Foreword

Foreword
   Although Scandinavia is a fairly small region, its literature is amazingly varied and rich. It includes the national literatures of Denmark, Norway, Sweden, Finland, and Iceland, as well as some rather amazing regional variations. It stretches over time from the Old Norse sagas to the present day, passing through all major literary currents, including romanticism, realism, naturalism, expressionism, modernism, and postmodernism, not to forget feminism. The themes are the greater and lesser ones that concern us all, from nationalism and war, to the meaning of life, political and economic cooperation and exploitation, and love and marriage. This work was generated by numerous Scandinavian authors who are poorly known, if at all, outside of their respective country or region, but also others who have been translated widely and have entered world literature, such as Henrik Ibsen, August Strindberg, Isak Dinesen, Søren Kierkegaard, and Hans Christian Andersen. This literature consists of poetry and novels, short stories and fairy tales, essays and criticism, indeed, all the genres, and most impressively drama. This is consequently a literature that deserves to be known and studied.
   But that is not so easy, considering that more than half a dozen languages and dialects are involved, and the portion that has been translated, while considerable, does not quite cover the whole field. So it is particularly helpful to have a book like this Historical Dictionary of Scandinavian Literature and Theater. It is a guide to the literature, in its variety and richness, with several hundred entries on specific authors (some well known, others worthy of being better known) which introduce both the author and the oeuvre. Other entries deal with specific periods and currents, themes and groups, favored topics and prizes. The introduction provides the broad historical background, while the chronology places writers and works in their historical setting. The bibliography, uncommonly important for a literature that is less studied than some, is also unusually complete and comprehensive.
   This volume was written by Jan Sjavik, an associate professor of Scandinavian studies at the University of Washington in Seattle, where he has been on the faculty since 1978. He has written numerous articles on Scandinavian writers as well as two books. As should be obvious from the contents, he has also regularly reviewed books and written entries on specific authors for other reference works. This book goes considerably further, including the whole range, and could not have been achieved without a long career devoted to the subject. Although his own background is Norwegian, Sjavik is hardly parochial, and his presentation of the variety and richness of the field is amply evident.

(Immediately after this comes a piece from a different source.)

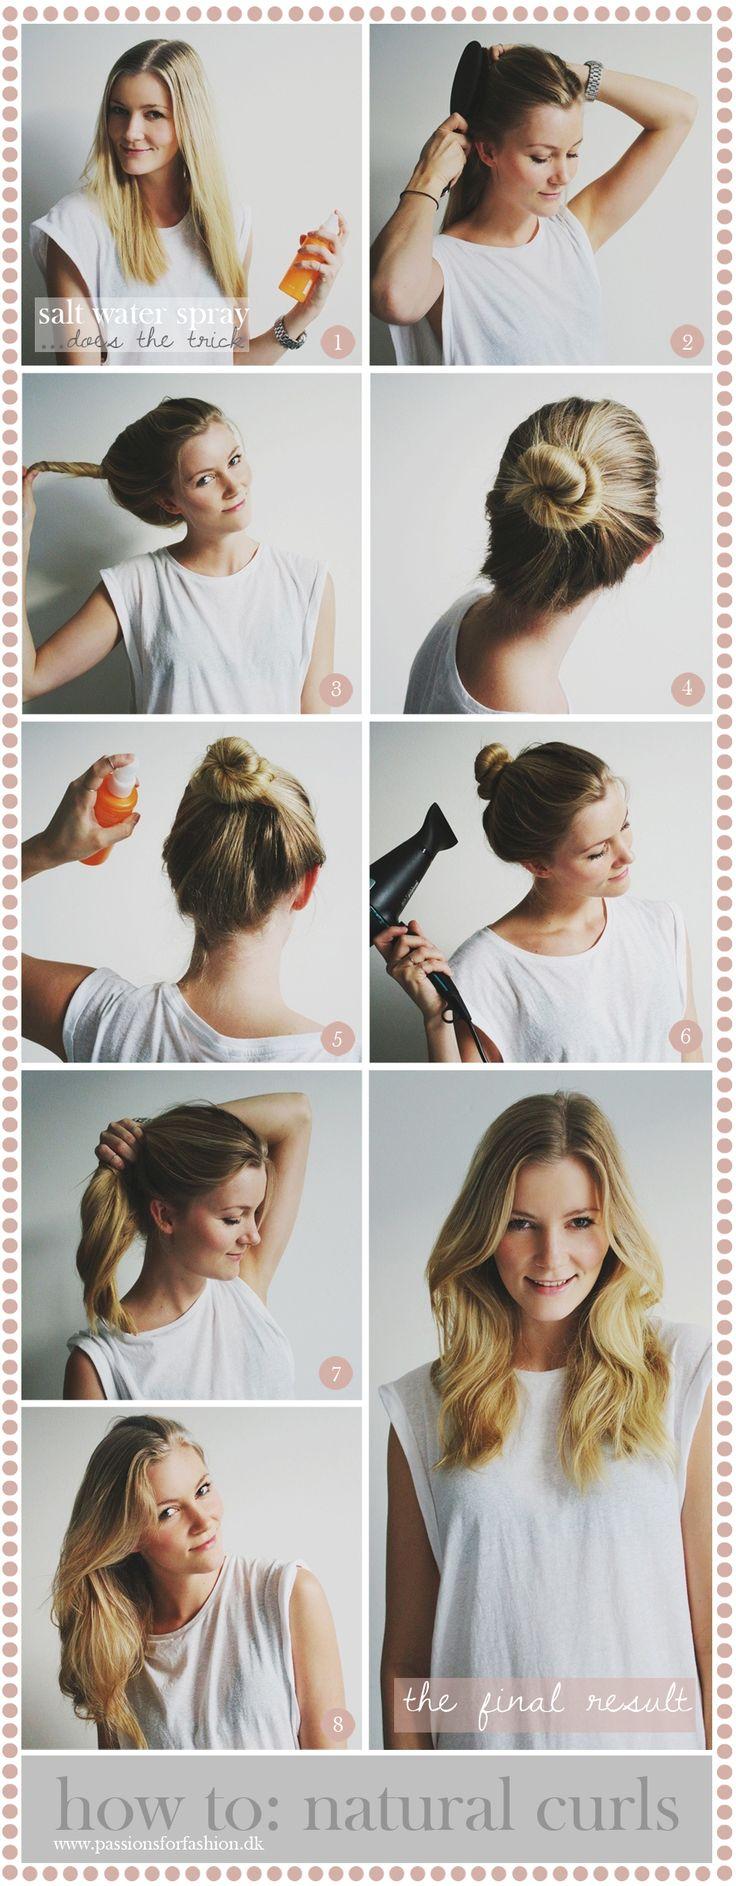 Ondas naturales | Natural curls
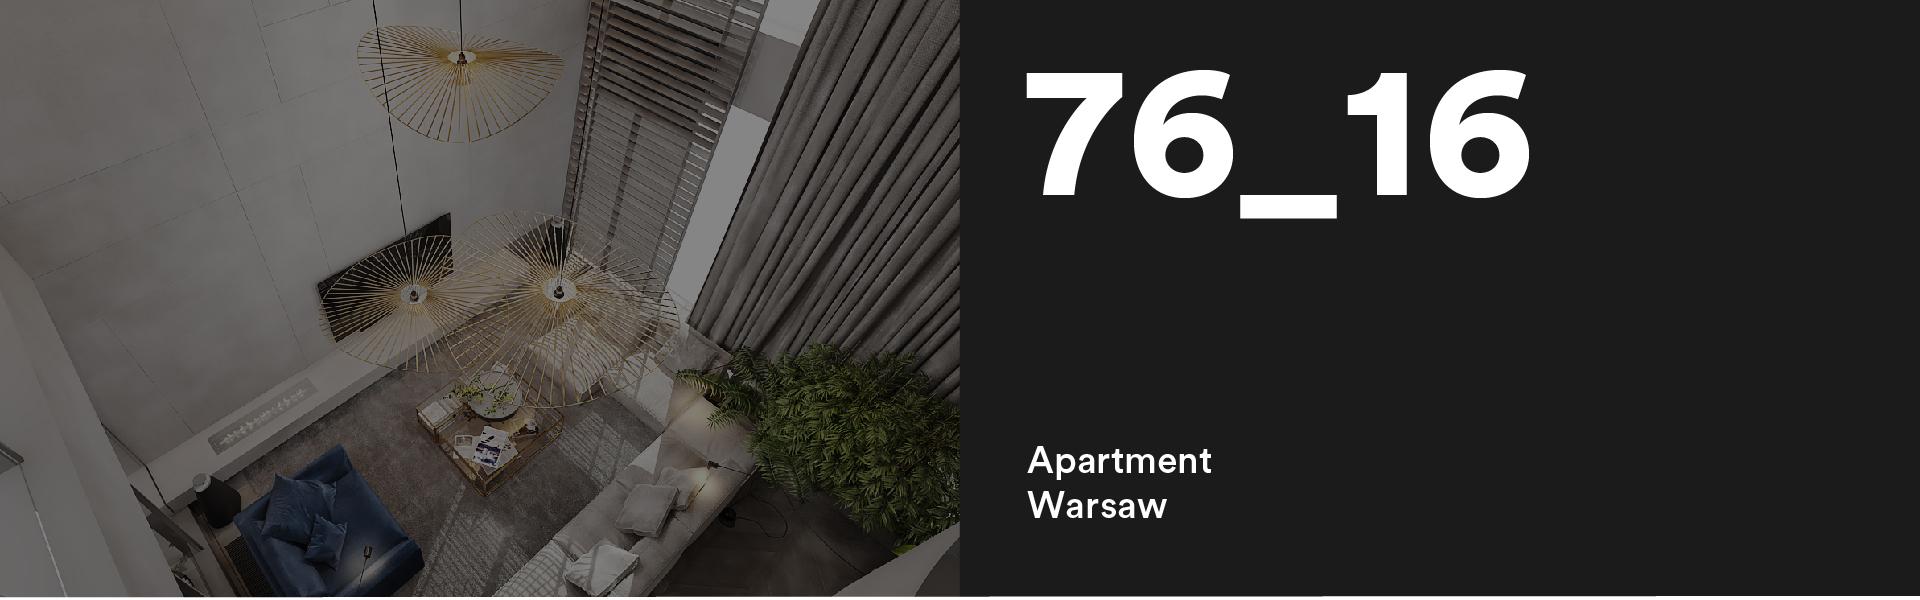 76_16 Apartment Zlota

   Jon Woronoff Series Editor
   Acknowledgments
   I thank my colleagues at the Department of Scandinavian Studies, University of Washington, for their interest in and support of this project, especially Lotta Gavel Adams, Andy Nestingen, and Marianne Stecher-Hansen. I am also grateful to our department's research assistant, Mia Spangenberg, for her help with the Finnish material.
   Reader's Note
   The entries in the dictionary appear alphabetically according to the order of the 26 letters used in English and not as it is done in the Scandinavian languages. Consequently, a, æ, and a are treated as if they were a; o and ø are treated the same as o, and so forth. When a term has an entry of its own in the dictionary, the term appears in boldface the first time it is mentioned in an entry other than its own.
   Scandinavian-language titles are followed by parentheses that contain the year of publication as well as the title in English translation. The notation tr. before the title in English signifies that the book has been published in English translation with that title. Otherwise the translations of titles are my own. However, some titles in Finnish have been translated with the aid of George Schoolfield, ed., A History of Finland's Literature, and Virpi Zuck, ed., Dictionary of Scandinavian Literature, as well as with the assistance of my colleague Andrew K. Nestingen.

Historical Dictionary of Scandinavian Literature and Theater. . 2006.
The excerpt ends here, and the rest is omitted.